Fig. 5.. Stenosis arises from excessive inflammation-driven neotissue formation.

(A) Low-magnification images of hematoxylin and eosin (H&E) staining confirm findings from the in vivo imaging that stenosis results from the formation of neotissue on the inner surface of the scaffold and within the wall, causing wall thickening and luminal narrowing. Green solid lines indicate the neovessel lumen, blue dotted lines indicate luminal neotissue formation, and solid blue lines indicate the abluminal surface of the scaffold. Scale bar, 2.0 mm. (B) Quantitative histological analysis of wall thickness and (C) model simulations of TEVG wall thickness over time (one-way ANOVA with Tukey’s post hoc multiple comparisons test, α = 0.05, *P < 0.05). (D) Staining for αSMA expression. Solid green lines indicate the luminal border of the neovessel. Scale bar, 40 μm. (E) Quantifications of αSMA⁺ area within the vascular neotissue over time and (F) model predictions of smooth muscle cell density (one-way ANOVA with Tukey’s post hoc multiple comparisons test, α = 0.05, *P < 0.05). (G) Staining for CD68⁺ macrophages and (H) quantification (one-way ANOVA with Tukey’s post hoc multiple comparisons test, α = 0.05, *P < 0.05). Remaining scaffold polymer at 6 weeks is outlined in black. (I) Computational model predictions of inflammatory cell density. Plotted data represent means ± SEM (n = 1 at 1 week, n = 2 at 6 weeks, n = 4 at 6 months, n = 2 at 1 year).

Fig. 6.. Extracellular matrix production and remodeling, scaffold degradation, and mechanical properties of the neovessel are consistent with model predictions.

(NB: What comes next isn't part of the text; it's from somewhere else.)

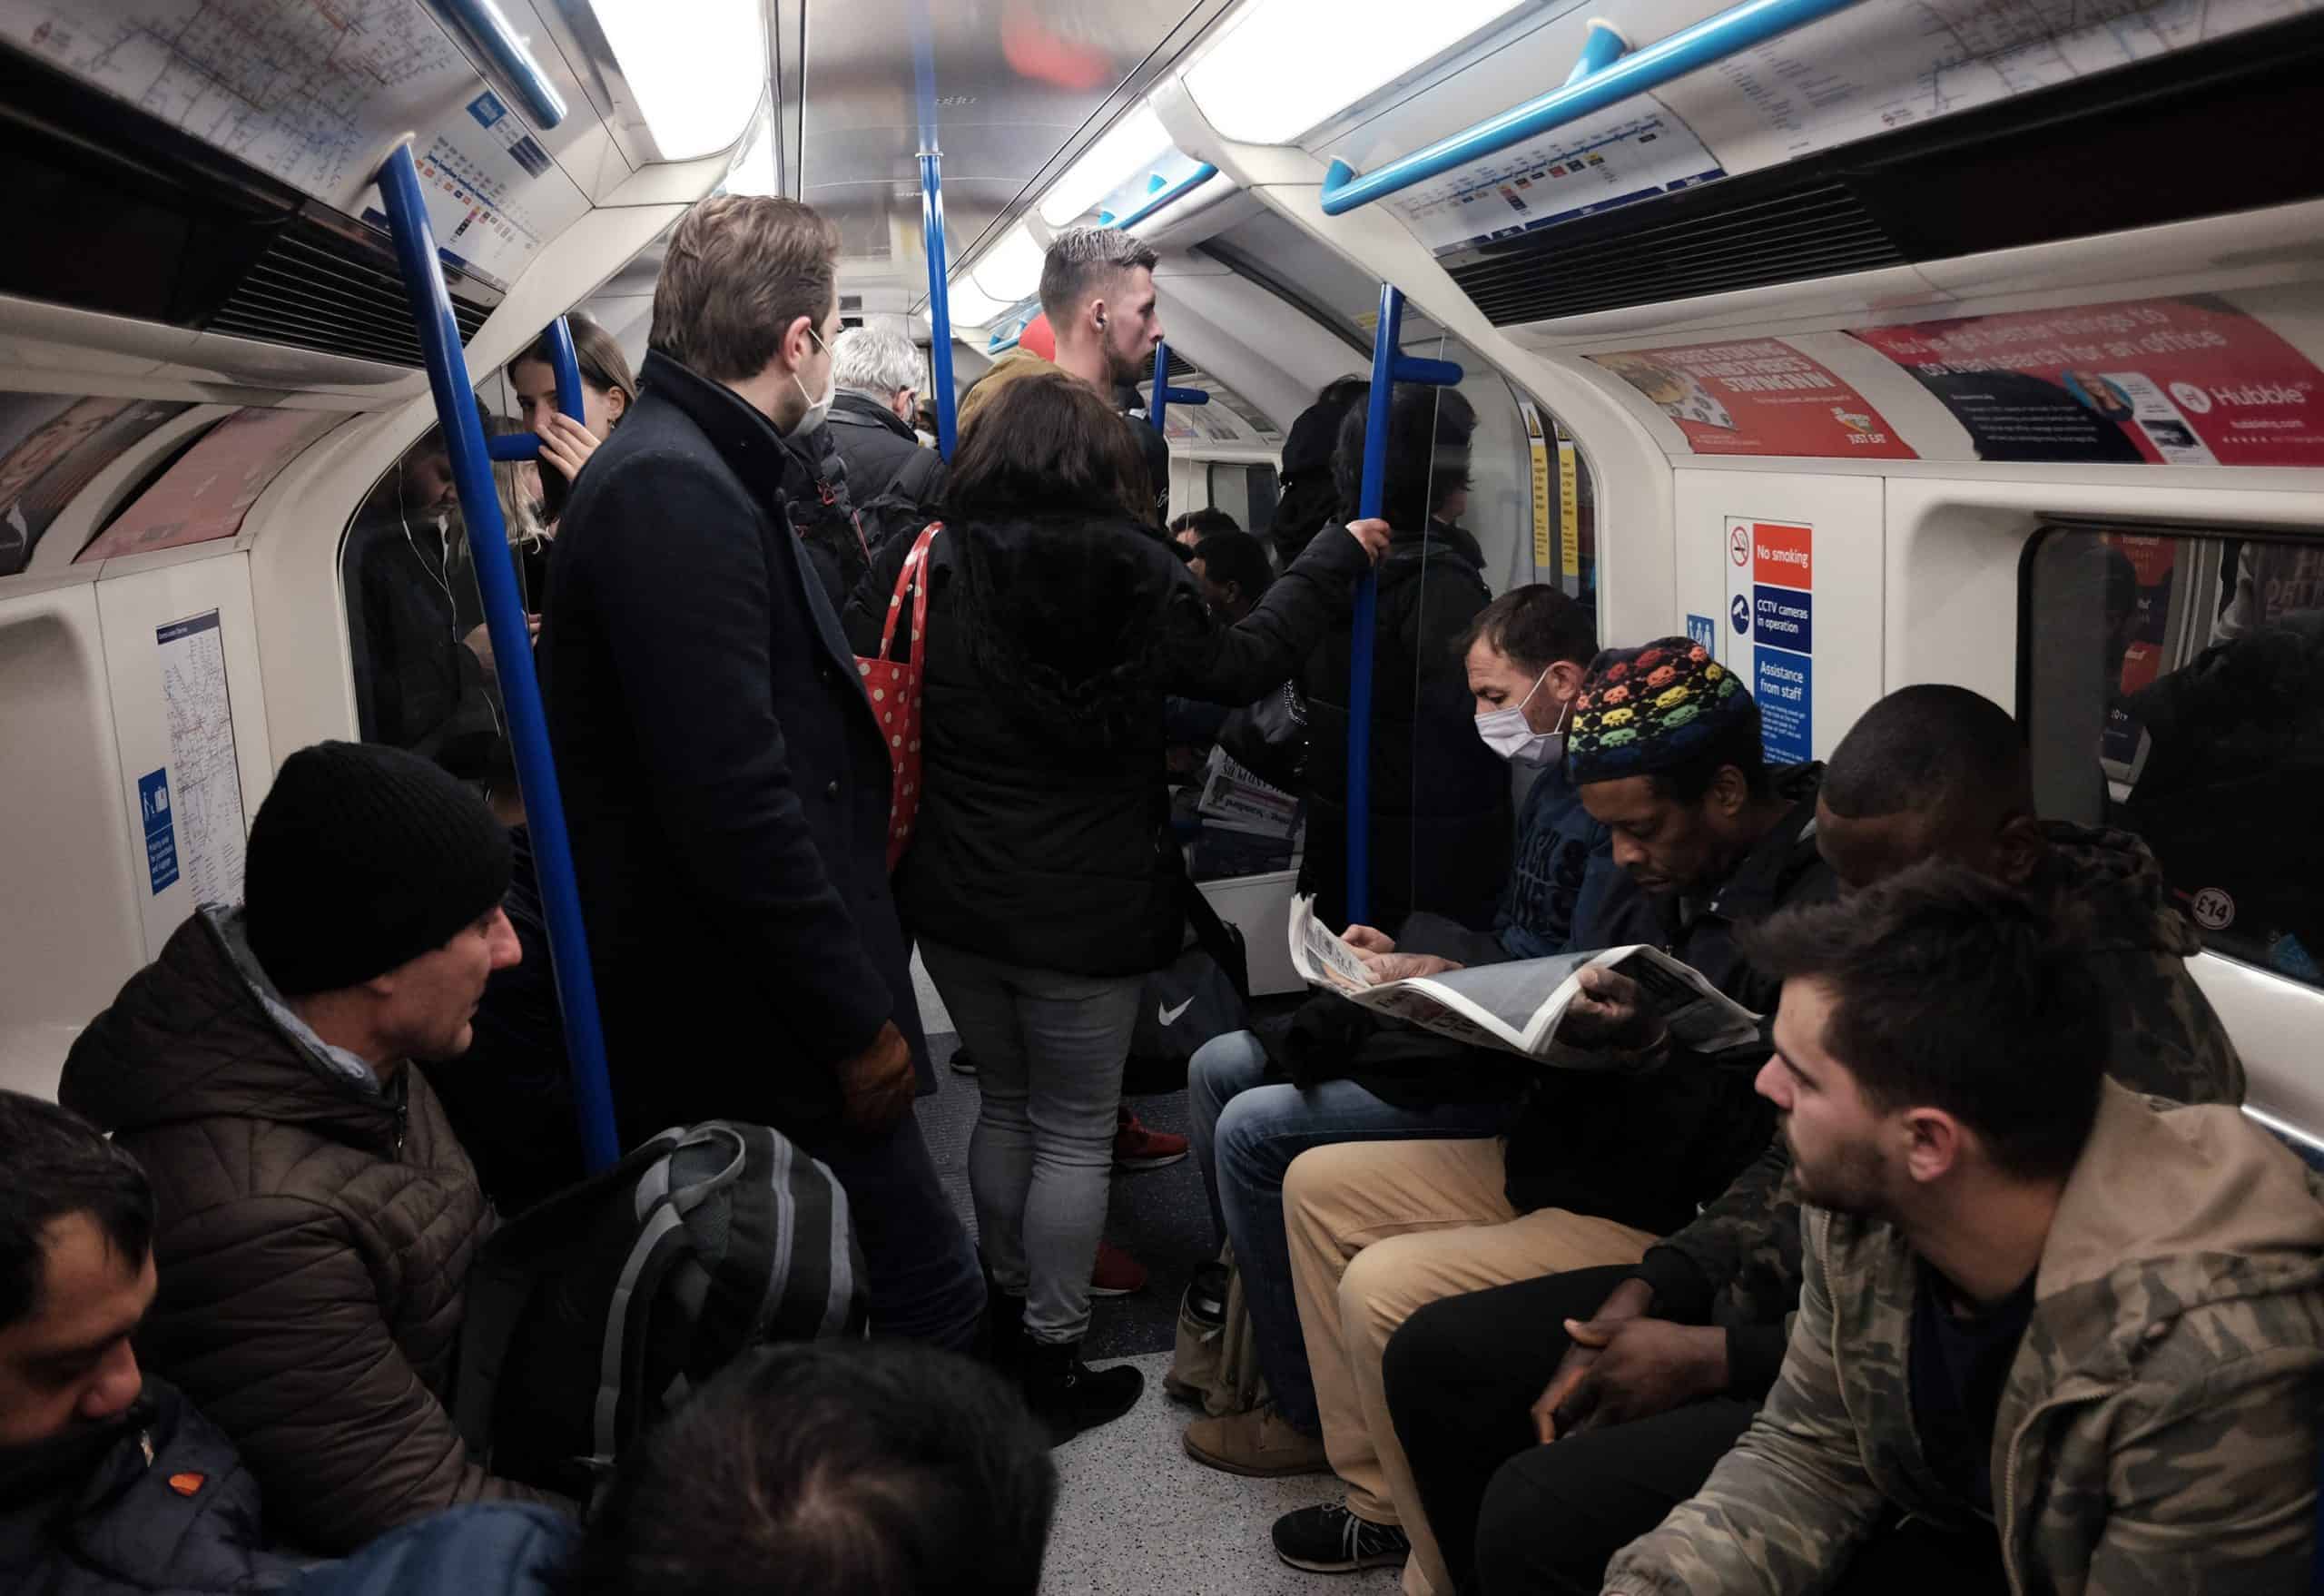 Tube carriages remain packed as politicians row over service levels

(A) Polarized light images (25×) of PSR-stained transverse sections of the mid-TEVG 1 week, 6 weeks, 6 months, and 1 year after implantation (clockwise). Scale bar, 1.0 mm. White insets highlight 200× polarized light images of the birefringent polymeric scaffold apparent at 1 and 6 weeks, which is subsequently replaced by increasingly thick and aligned collagen fibers at 6 months and 1 year. Scale bar, 40 μm. (B) Quantification of total collagen area fraction from the PSR stain over time compared to the native IVC (one-way ANOVA with Tukey’s multiple comparisons test, α = 0.05, **P < 0.005, ***P < 0.0005, and ****P < 0.0001; plot represents means ± SEM; n = 1 at 1 week, n = 2 at 6 weeks, n = 4 at 6 months, n = 2 at 1 year). (C) Ratio of thick-to-thin collagen fibers in the TEVG over time compared to the native IVC (means ± SEM). n = 1 at 1 week, n = 2 at 6 weeks, n = 4 at 6 months, n = 2 at 1 year. (D) Experimental measurements of the mechanical behavior of the TEVG in response to in vitro pressurization after 1.5 years of development in vivo (symbols represent means ± SD); predicted values from the computational model are shown with a solid line. (E) Predicted graft compliance over 2 to 3 mmHg through 2 years of simulated neovessel development (solid line); the experimentally measured compliance at 18 months is shown by symbol representing mean ± SD.

Fig. 7.. Potential clinical case of reversible TEVG stenosis.

(A) CT images of the TEVG (outer wall outlined with white dots and lumen outlined with yellow dots) from patient 13 from the Japanese trial demonstrating wall thickening and luminal narrowing that presented during the first year after implantation and (B) resolved over the course of several months after treatment with oral anticoagulation (15).